In considering the authorities therefore upon this subject, it becomes necessary to examine the statutes under which the cases arose. The case of Sawyer v. The Inhabitants of Worthfield, 7 Cush., 490, so much relied upon by the counsel for the defendants, originated under the statute of Massachusetts making towns liable, “when no other sufficient provision was made for repairs.” The distinction between that case and the one at bar is the difference between a qualified and a general liability. So the case of State v. Gorham, 37 Maine, 461, came up under our statute of 1841, making towns positively liable. While that case, for this reason, is not directly in point, the reasoning of the court applies, with equal force, in the case under consideration. “The safety and convenience of those who travel upon our public ways,” observes Rice, J., in that case, “have ever been primary objects in the estimation of the legislature. The introduction of railroads and the frequency with which they cross public ways, as well under bridges, as at grade, has greatly increased the hazards of ordinary traveling. It is important that the most certain, prompt and efficient means should be provided against those new and increasing causes of inconvenience and danger to travelers. Towns have the general supervision of highways. By holding them primarily responsible a very much more convenient and *552certain remedy is afforded the public than could be had against private individuals or corporations.”

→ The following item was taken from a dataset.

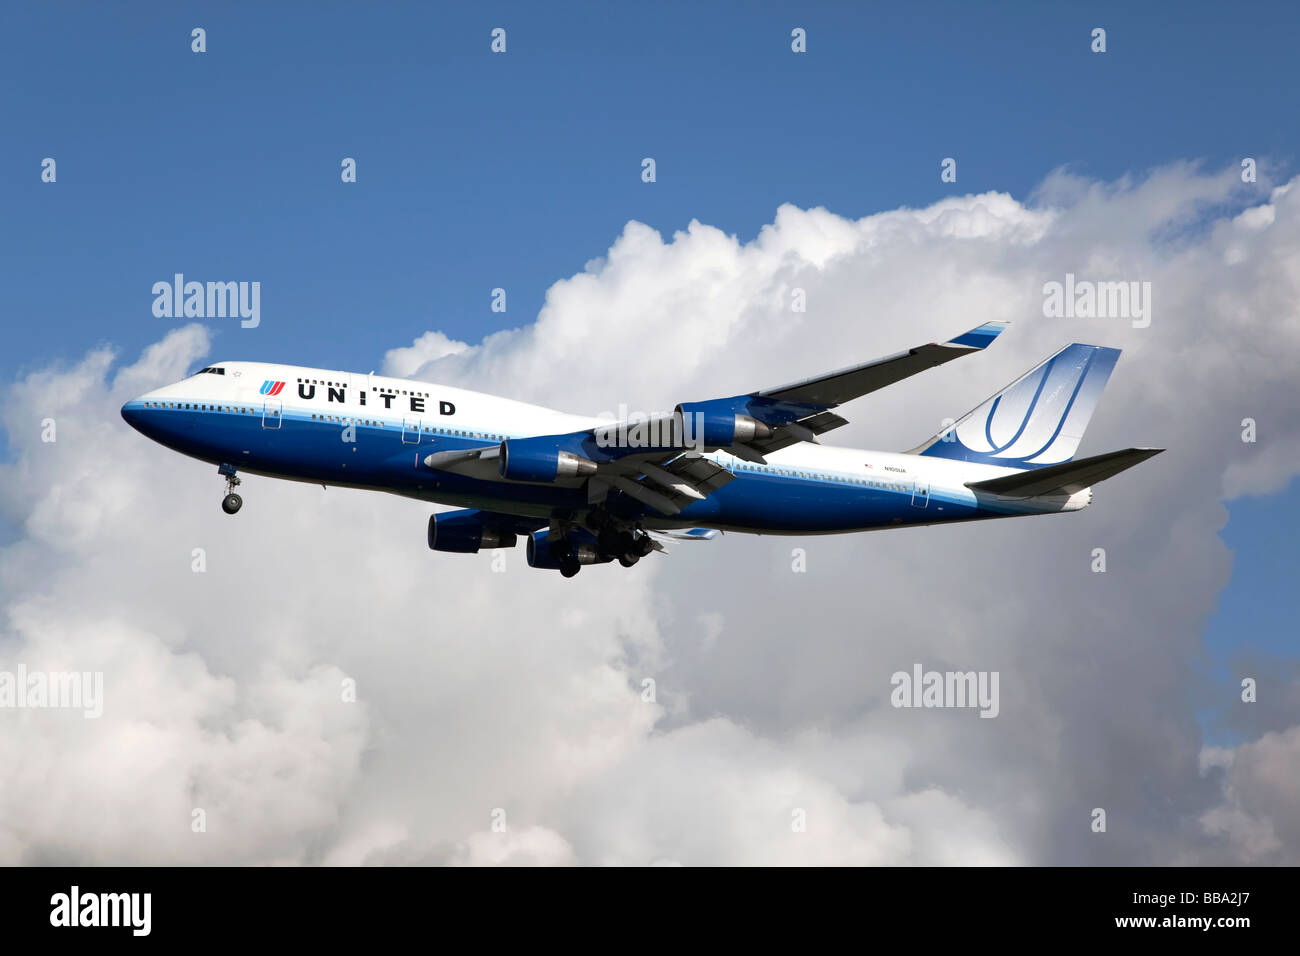 A Boeing 747 of United Airlines Stock Photo, Royalty Free Image: 24193183 - Alamy1300 x 956

The court further remarks in that case that this construction of that statute does not discharge railroad corporations, or other parties, required by law to maintain and repair bridges or highways, from their liability to do so, and that towns have a remedy against such parties by mandamus, or by action on the ease.

A highway was laid out and established where the bridge in question stands. The bridge was rebuilt and kept in repair for several years by the town of Madison. That town is under the same legal liability to repair that highway that it is other highways within its h'mits.

It was not necessary to allege in the indictment the authority by which the highway was laid out. Therefore, the clause in the indictment, “as laid out by the town of Madison,” may be regarded as surplusage. The general allegation that the highway was situated in the town of Madison, and was duly and legally laid out and established, is sufficient to authorize the admission of evidence of its location by the county commissioners, or by that town, as the presiding justice ruled.

Nor do we think it was necessary to set forth the width of the highway in the indictment. It has not been usual, we think, to do this in this State, whatever may have been the practice in England. The length, direction and.termini of the highway are distinctly alleged in the indictment. The defendants were thus sufficiently informed what highway was meant. An additional allegation of the width of the highway was not necessary to enable them to prepare their defence. It was incumbent on the State to show that the defects alleged existed within the limits of the highway, whether its width was alleged in the indictment or not. Failing in this the prosecution could not be sustained. The objection interposed by the defendants upon this branch of the case may have been pertinent to the sufficiency, but not to the competency, of the evidence offered. There was, therefore, no error in overruling this objection, and admitting the record evidence, offered to show *553the location of the highway both by the town of Madison and the county commissioners.

The highway described in the indictment was legally located and established in the town of Madison, and it was the duty of that town to keep it “safe and convenient for travelers.” The jury have found that the town neglected to discharge this duty, and we see no reason why their verdict should not stand.

Exceptions overruled.

Appleton, C. J., Walton, Barrows, Danforts and Virgin, JJ., concurred.